The following is a list of stemmers I spotted... It's unbelievably hard to
keep track of them all (-- and these are just the Perl stemmers). [snip]
I guess it would come as no suprise then, that I was actually planning to
implement YAS (Yet Another Stemmer) to add to the mass. If possible, I would
like to avoid this unnecessary branching, and so I'll try to find existing
implementations to contribute to. However, with so many to pick from, I've
been at a loss at which to employ.

So the challenge begins... Join in to The Great Stemmer Enumeration
Challenge!
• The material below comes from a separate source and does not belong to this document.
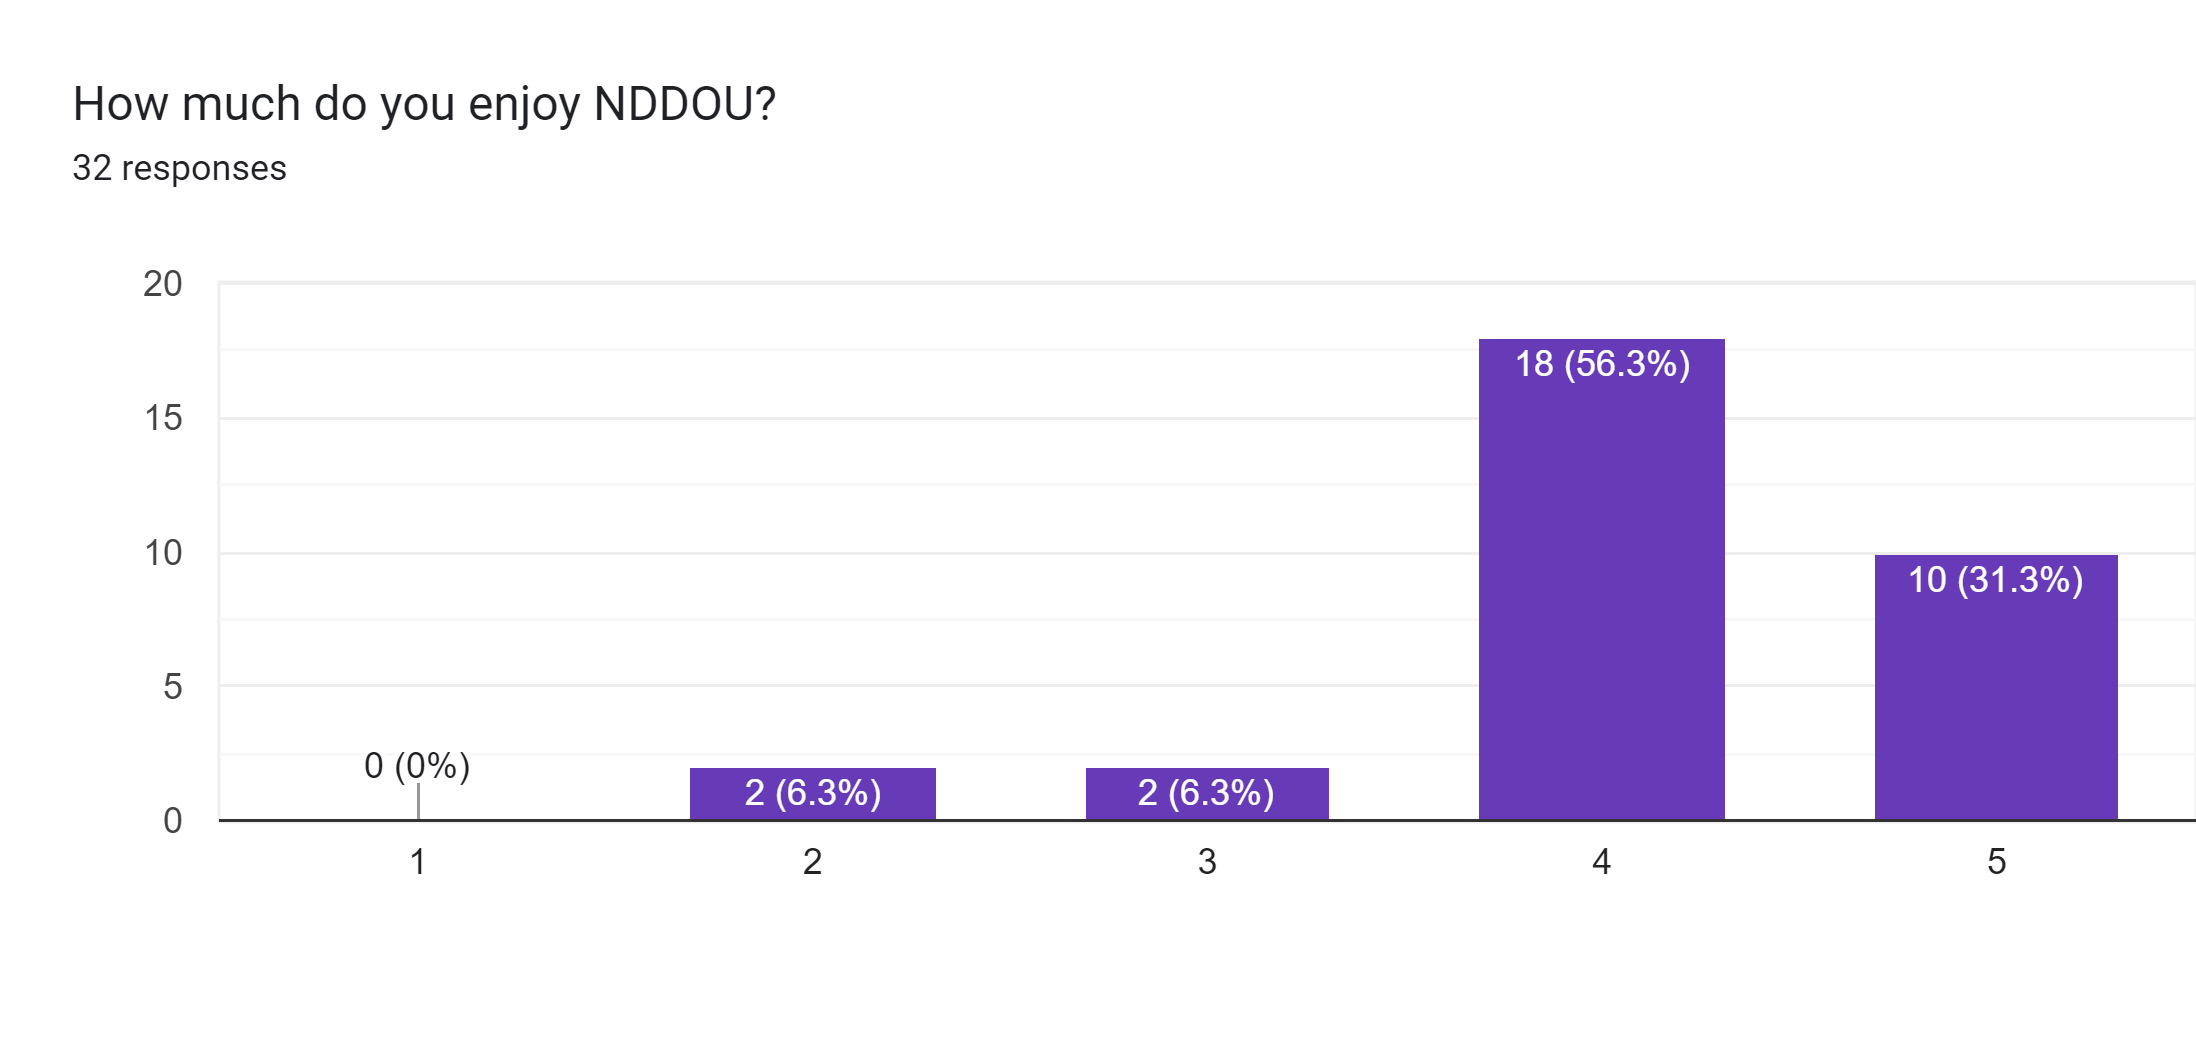 Forms response chart. Question title: How much do you enjoy NDDOU?. Number of responses: 32 responses.

Come one, come all, bring your Stemmer spottings and a magnifying
glass. [snip - bad joke]

** Perl Stemmers:

1.
- Filename: perl.txt
- URL: http://www.tartus.org/~martin/PorterStemmer/
- Package: (undef)
- Description: Martin Porter's Perl official/reference stemmer
- Date: 1990 onward?
- Commentary: [snip]
- Strength: Accuracy.

2.
- Filename: porter.pm
- URL: http://www.ldc.usb.ve/~vdaniel/porter.pm
- Package: (undef)
- Description: Daniel van Balen's Perl version
- Date: October-1999
- Commentary: Conditionals for speed improvement, lots of of repetition.
- Strength: Speed?

3.
- Filename: stem.pl
- URL: http://www.cpan.org
- Package: (undef)
- Description: Ian Phillipps' WAIS stemmer.c derivative.
- Date: ?
- Commentary: .
- Strength: Simplicity, Flowingness.

4.
- Filename: English.pm
- URL: http://www.cpan.org
- Package: Text::English
- Description: Modularized version of stem.pl by Ulrich Pfeifer.
- Date: Thu Feb 1 13:47:58 1996
- Commentary: Bad placement -- belongs in Lingua::En on CPAN
- Strength: Simple. It actually has a package name and is CPAN-friendly.

5.
- Filename: Stem.pm, En.pm
- URL: http://www.cpan.org
- Package: Lingua::Stem
- Description: A more complete approach to Perl stemming. May have been
branched off of Text::English then moved to Text::Stem before being moved to
Lingua::Stem. Jim Richardson, University of Sydney <imr@maths.usyd.edu.au>
and Benjamin Franz <snowhare@nihongo.org>.
- Date: 1999, 2000 fixed missing rules
-Commentary: Uses strange symbolic reference subroutine calls. Is this
really necessary? (Why?) Assumes US English?
- Strength: Caches results, allows exceptions, OO interface. Multiple
languages may be supported in future.

6.
- Filename: ?
- URL: http://www.cpan.org
- Package: ROADS::Porter
- Description: A class to perform stemming using the Porter algorithm. (UK -
eLib/ROADS/DESIRE Library Project)
- Date: 1988??
- Commentary: Haven't even looked yet.
- Strength: Hell if I know. :)

7.
- Filename: perl.tgz
- URL: http://snowball.sourceforge.net
- Package: Lingua::Stem::Snowball
- Description: A perl wrapper for snowball stemmer
- Date: 2002
- Commentary: Haven't tested yet.
- Strength: Probably a more logical approach than porting the stemmer
directly to Perl. Uses XS? The performance gains may be significant.

8.
- Filename: Stemmer.pm
- URL: Not yet released
- Package: Yet another stemmer, not decided
- Description: My attempt at implementing the Porter Stemming algorithm.. YET
AGAIN for my first time :)... Also including other custom features for
different types of word stemming.
- Date: 2002
- Commentary: Oh no! Not another one...
- Srength: I know the author. The author might attempt to make it into a GUR
(Grand Unified Regex) in Perl if that is even possible, just for the sake of
obfuscation. Or I'll leave that to japhy. (hehe... He'll do anything if it
involves a regex challenge.)

** Other:

1.
- URL: http://www.cogsci.princeton.edu/~wn/
- Commentary: What about Wordnet at Princeton. Do they use it too in their
morphy thing? Is wordnet cool or what? :)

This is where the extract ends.